Becoming a teenager I really decided to rebel against this religion, my parents and everything. I was probably very bitter because there was not enough love for me. So I became a Hindu. I was very much attracted to India. For me, India was the only place in the world I wanted to go to. I heard about the yogis and the meditations and all these exercises. I wanted to know more about the Hindu religion and getting salvation through enlightment. First you do the exercises and then you find a teacher, a guru. So I started looking around here in Tel Aviv, but at that time very few people were interested in these things. I found some groups of people doing yoga and meditation. When I was fifteen years old, I started to do that also. At the same time, I started to hate my own religion. I told my parents, ‘It is not for me anymore. I want to do what I want on shabbat.’

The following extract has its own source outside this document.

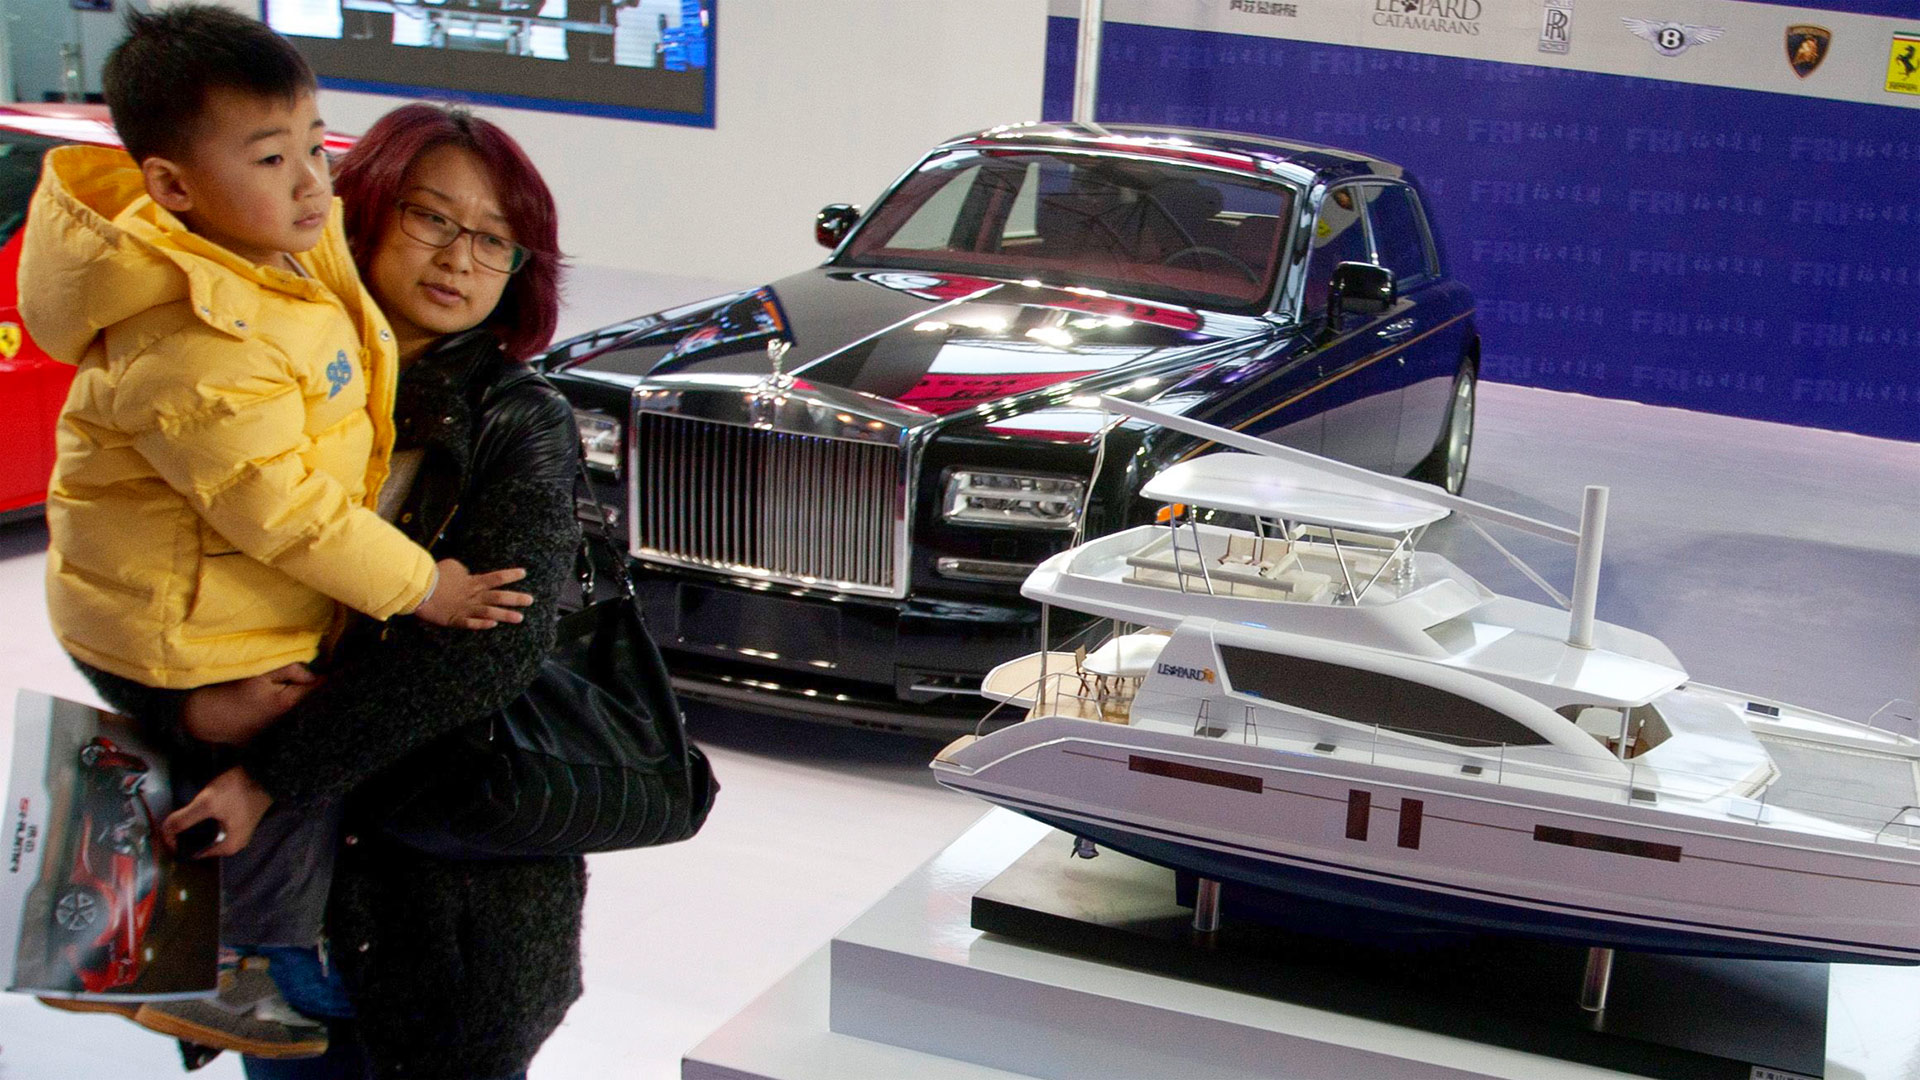 Chinesische Kundin mit Kind begutachtet einen Rolls Royce und das Modell einer Luxusjacht | picture alliance / dpa

My hair was like a big afro and I used to stick flowers in it. My jeans were very torn too. I became a sort of a hippie and a Hindu together. Every morning at six o’clock I started the day with meditation. I was also a vegetarian from childhood, just because I did not like meat. But now I became a vegetarian by faith because of my Hindu religion. I practised yoga, Hatta Yoga, did the exercises and meditated. All my friends wanted to get married or to go to the university, but I wanted just one thing, to go to India. This really grew in my heart.

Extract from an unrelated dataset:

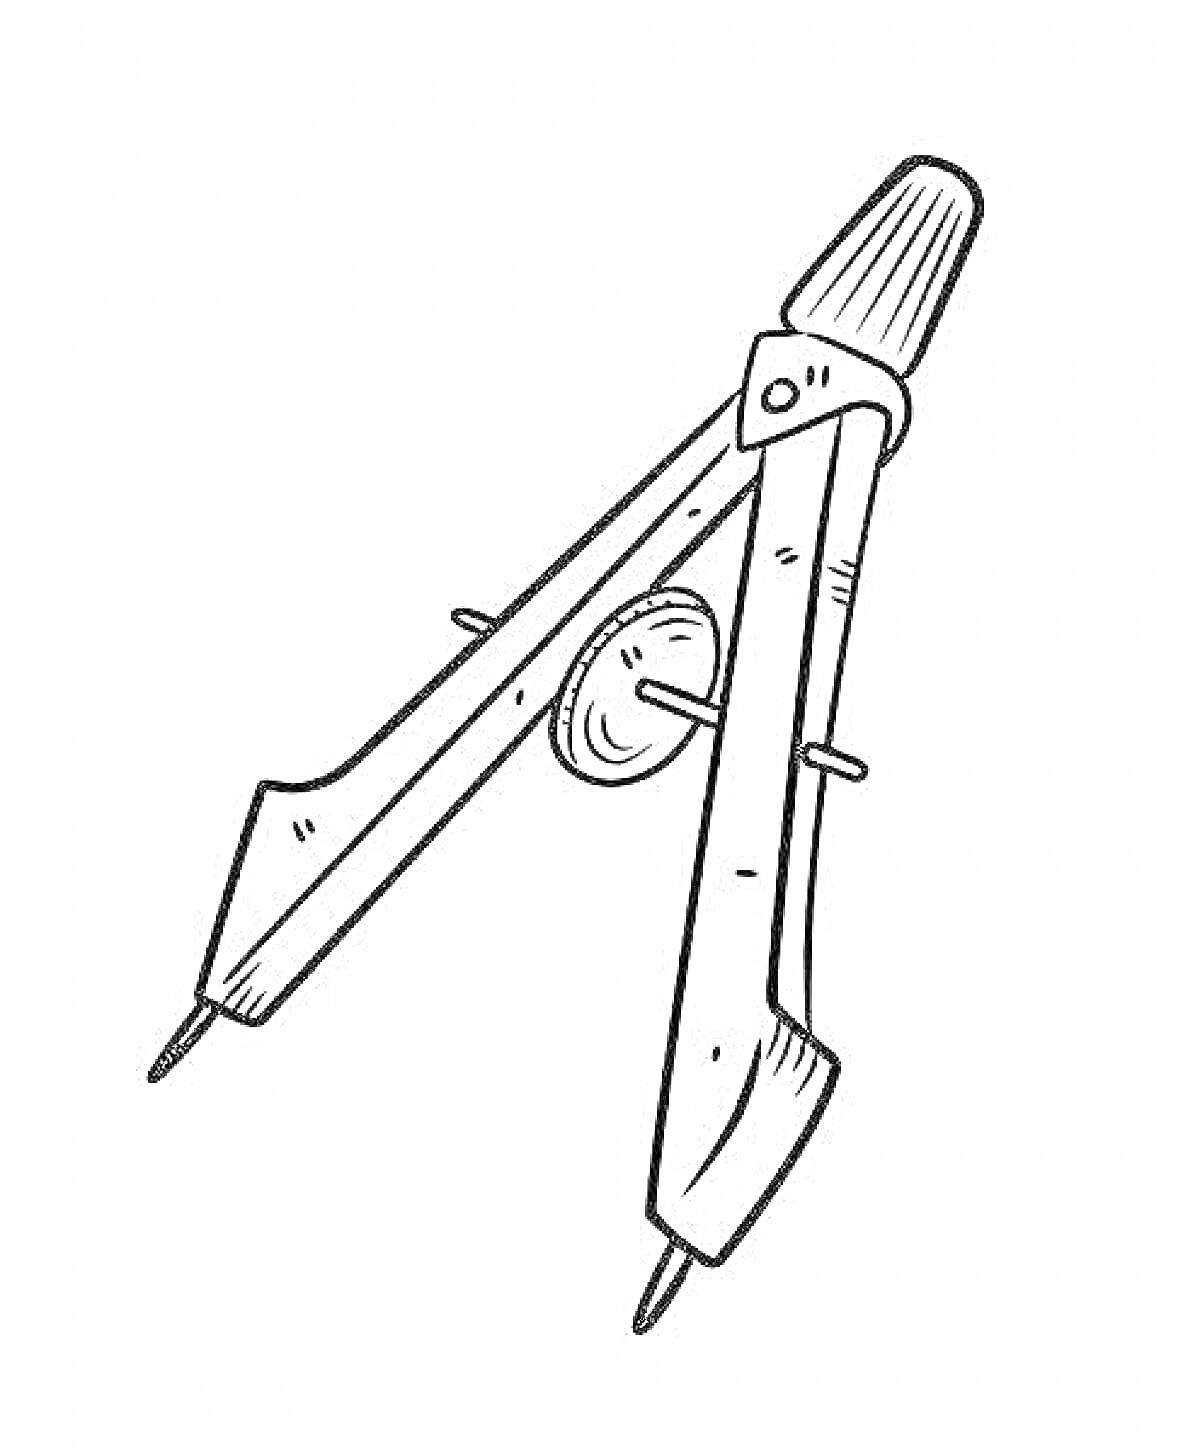 Раскраска Циркуль с разметочным и чертежным наконечниками, изображение с регулировочным колесиком и корпусом

Then after some years my boyfriend and I went to Jerusalem. We were thinking and trying to find God. Then we met a very interesting man at the Wailing Wall. His name is rabbi Karlibach. He welcomed hippies and was himself a bit of a hippie too. He used to sing a lot. He was a chabatnik and called people to come to God through the singing and the happiness. He was very kind to us and said, ‘Come and let’s talk about God.’ We went to his house and he was very loving. He said, ‘Don’t go to India. It is very bad and the land is full of demons. You have to stick with the Jewish religion.’ So, we listened to him, because of the love he had for us. We said okay, we will stop searching like this. So I became a Hozaret Betshuva, which means someone who comes back to the Jewish religion.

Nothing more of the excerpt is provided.